Dozens of Iran’s deportees killed in a bus accident

A traffic accident in western Afghanistan has killed 79 people, including 17 children, most of whom were on a bus transporting Afghan migrants expelled from Iran, confirmed a spokesperson for the Interior of the Taliban.
The bus, on the way to Kabul, caught fire on Tuesday evening after colliding with a truck and a motorcycle in the province of Herat.
Everyone aboard the bus was killed, as well as two people from the other vehicles, Ahmadullah Mottaqi, director of information and culture of the Taliban in Herat, told BBC Pashto earlier.
In recent months, Iran has intensified its deportations of undocumented Afghan migrants who have fled conflicts in their homeland.
“All the passengers were migrants who had climbed on the vehicle at Islam Qala,” the spokesman for the provincial governor, Mohammad Yousuf Saeedi, told AFP, referring to a city near the Afghan-Iranian border.
Herat police said the accident occurred due to the “excessive speed and negligence” of the bus driver, AFP reported.
Traffic accidents are common in Afghanistan, where roads have been damaged by decades of conflict and driving regulations are not highly applied.
Since the 1970s, millions of Afghans have fled to Iran and Pakistan, with major waves during the Soviet invasion of Afghanistan in 1979 and after the return of the Taliban in power in 2021.
This has contributed to the growth of anti-Afghan feeling in Iran, with refugees faced with systemic discrimination.
Iran had previously given a deadline for July for undocumented Afghans to go voluntarily.
But since a brief war with Israel in June, the Iranian authorities have forcibly made hundreds of thousands of Afghans, alleging national security problems – although Téhéran could simply look for scapegoats for its security failures against Israeli attacks.
More than 1.5 million Afghans have left Iran since January, according to the United Nations Agency for Refugees.
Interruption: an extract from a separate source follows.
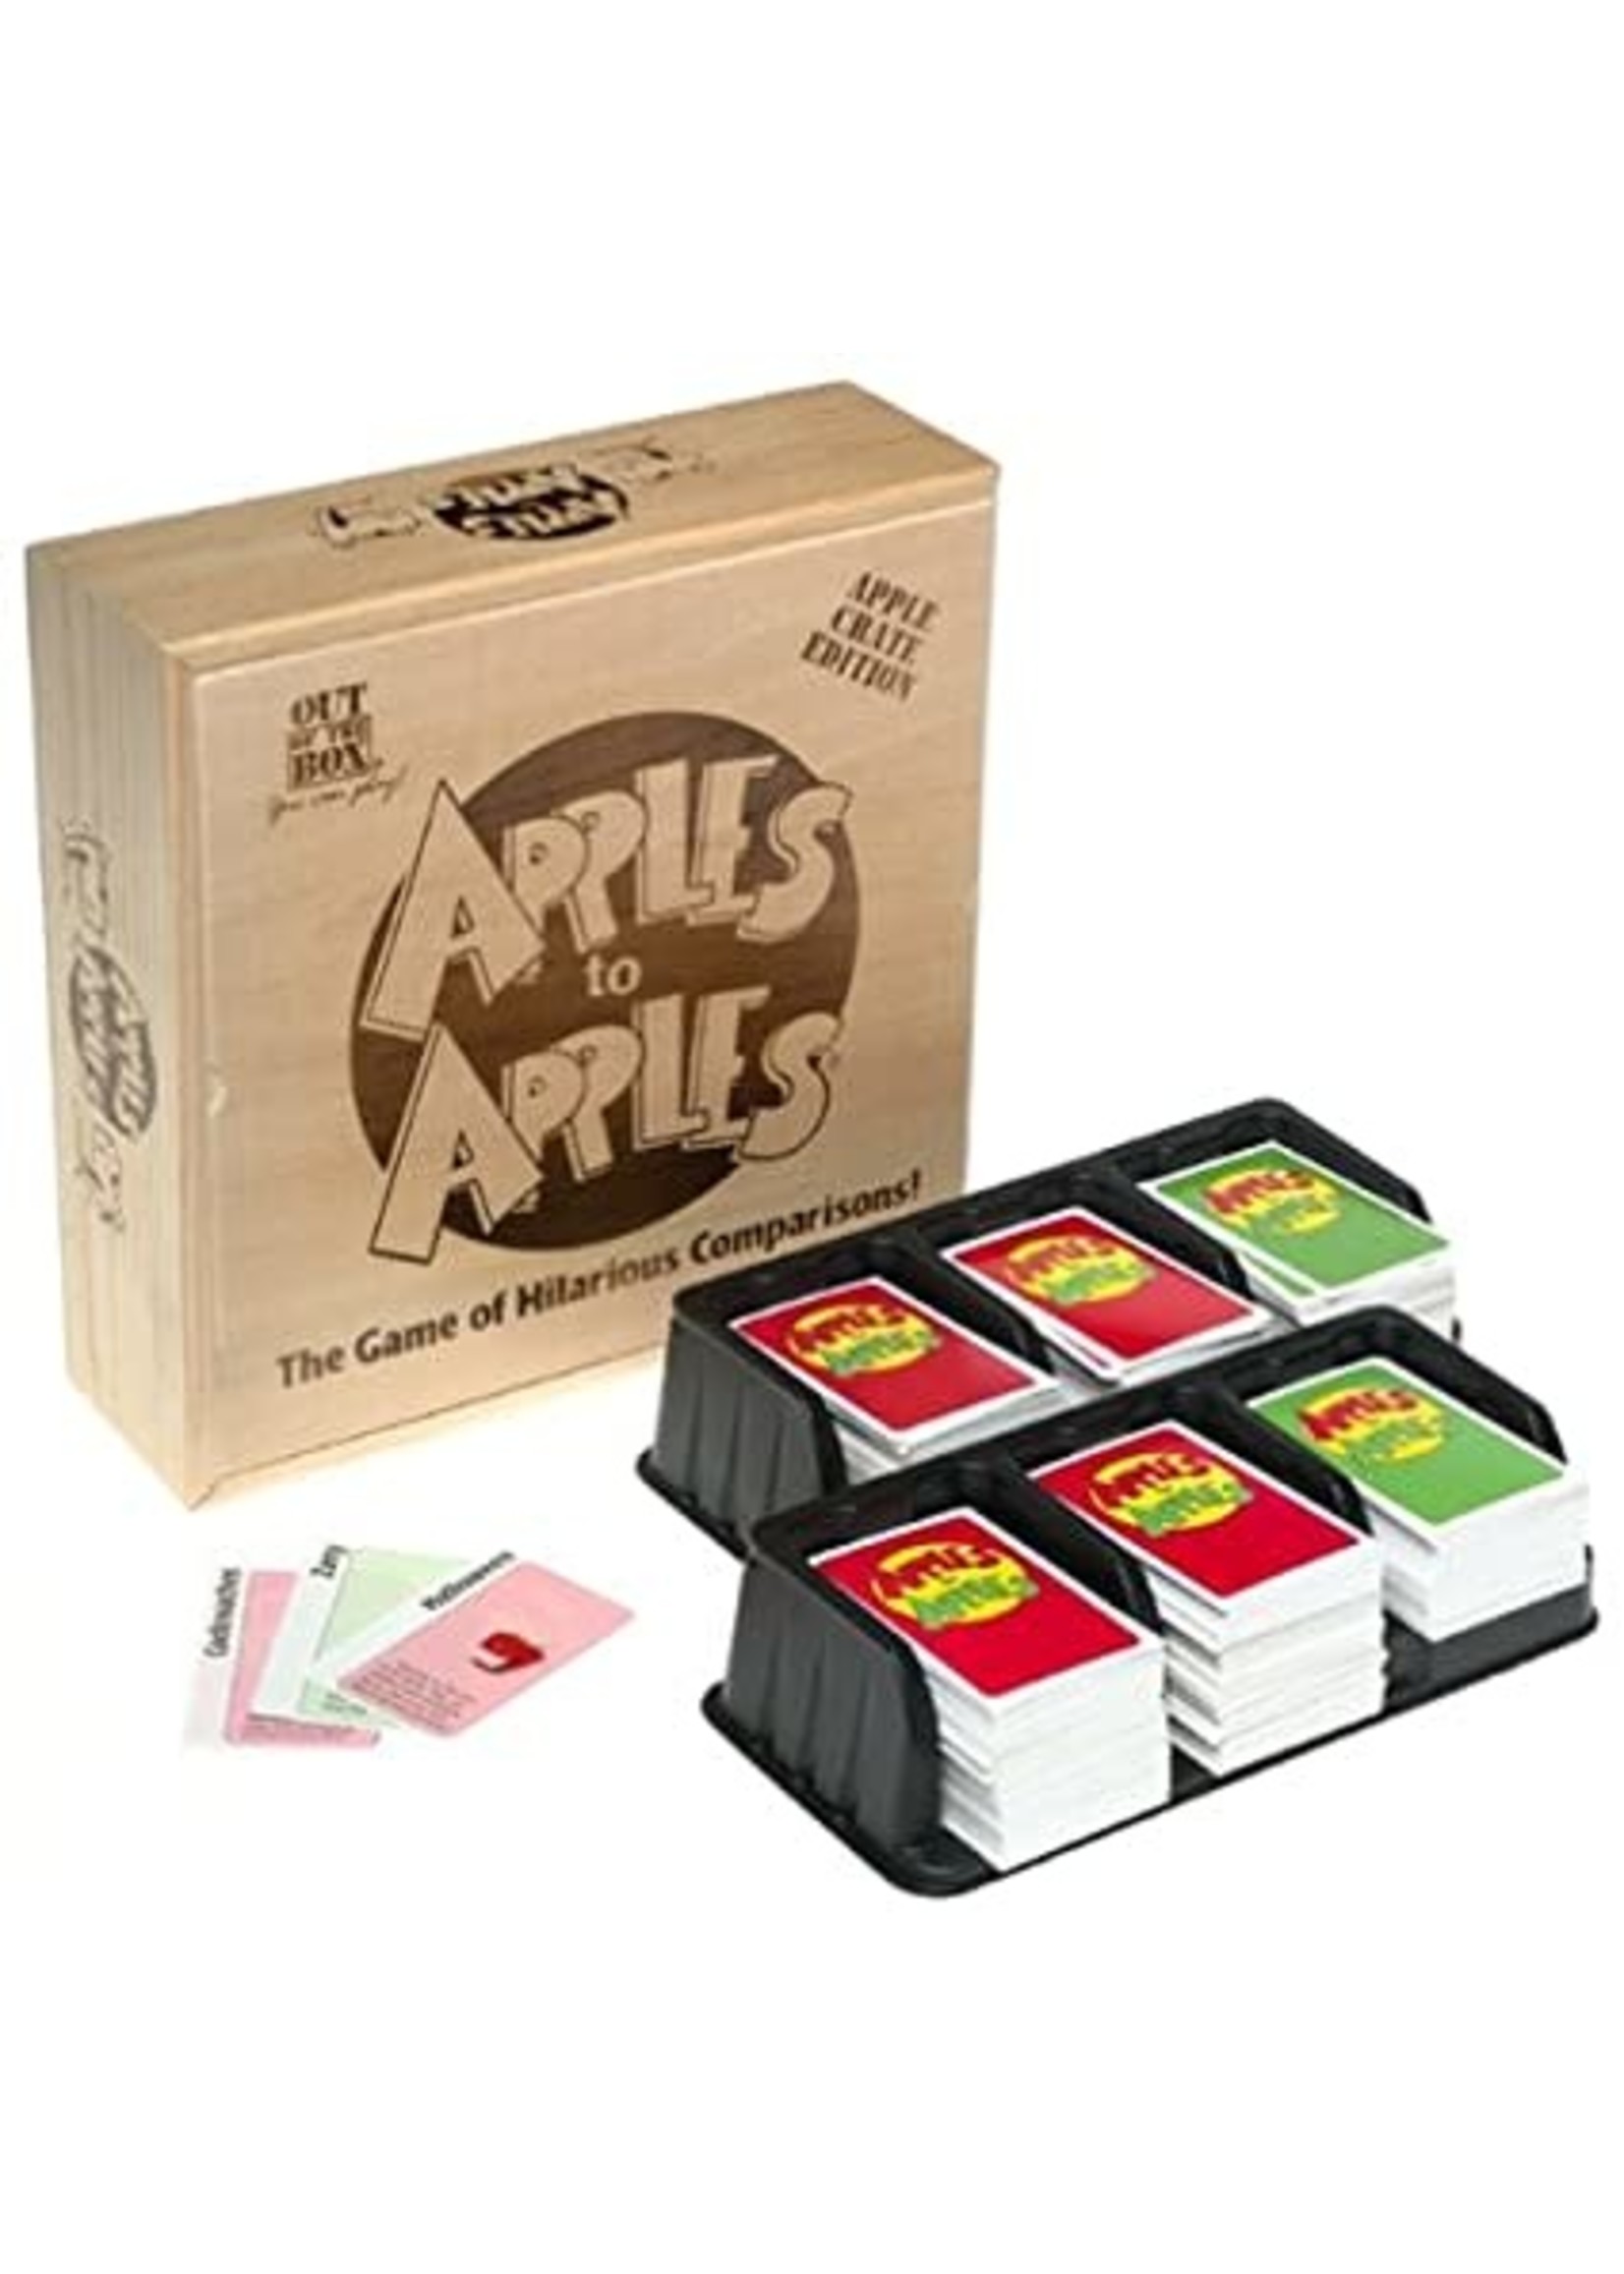 Rental RENTAL - Apples to Apples Crate Edition 5.6 lb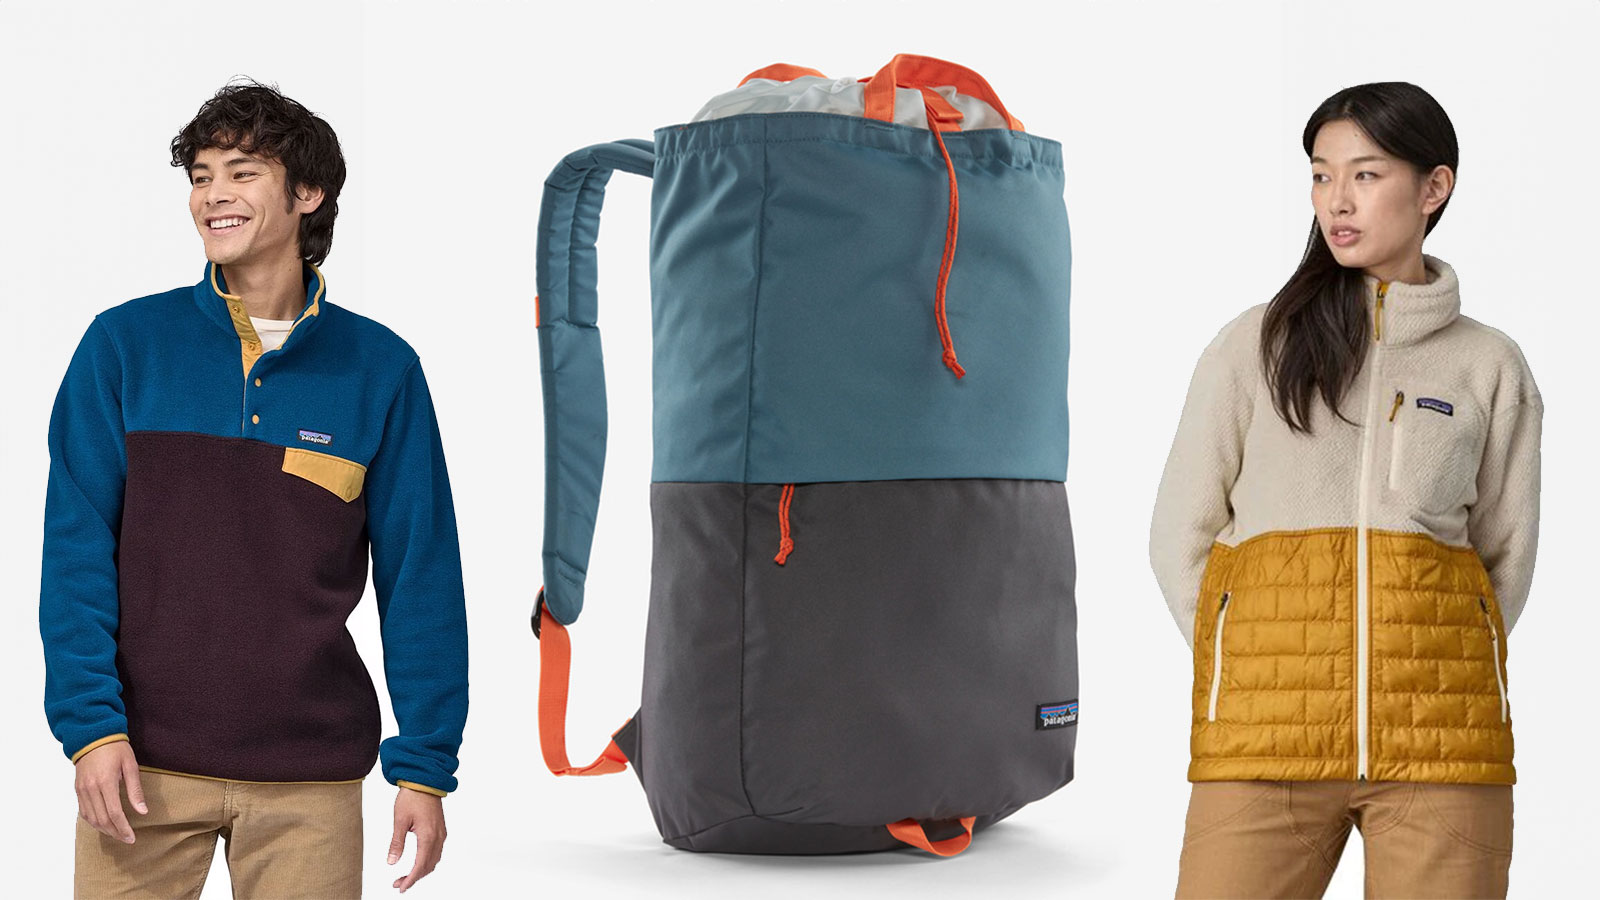 Two people wearing Patagonia jackets and a large Patagonia bag

Some have been in Iran for generations.
Experts warn Afghanistan does not have the capacity to absorb the growing number of nationals who have been returned by force in a country under the Taliban government. The country is already struggling with a large influx of repatriated Pakistan, which also requires hundreds of thousands of Afghans from.
“The return of so many people creates additional pressure on the already overvalued resources, and this new wave of refugees arrives at a time when Afghanistan begins to feel the brutal impacts of the aid cuts,” said Arshad Malik, national director of Save The Children Afghanistan.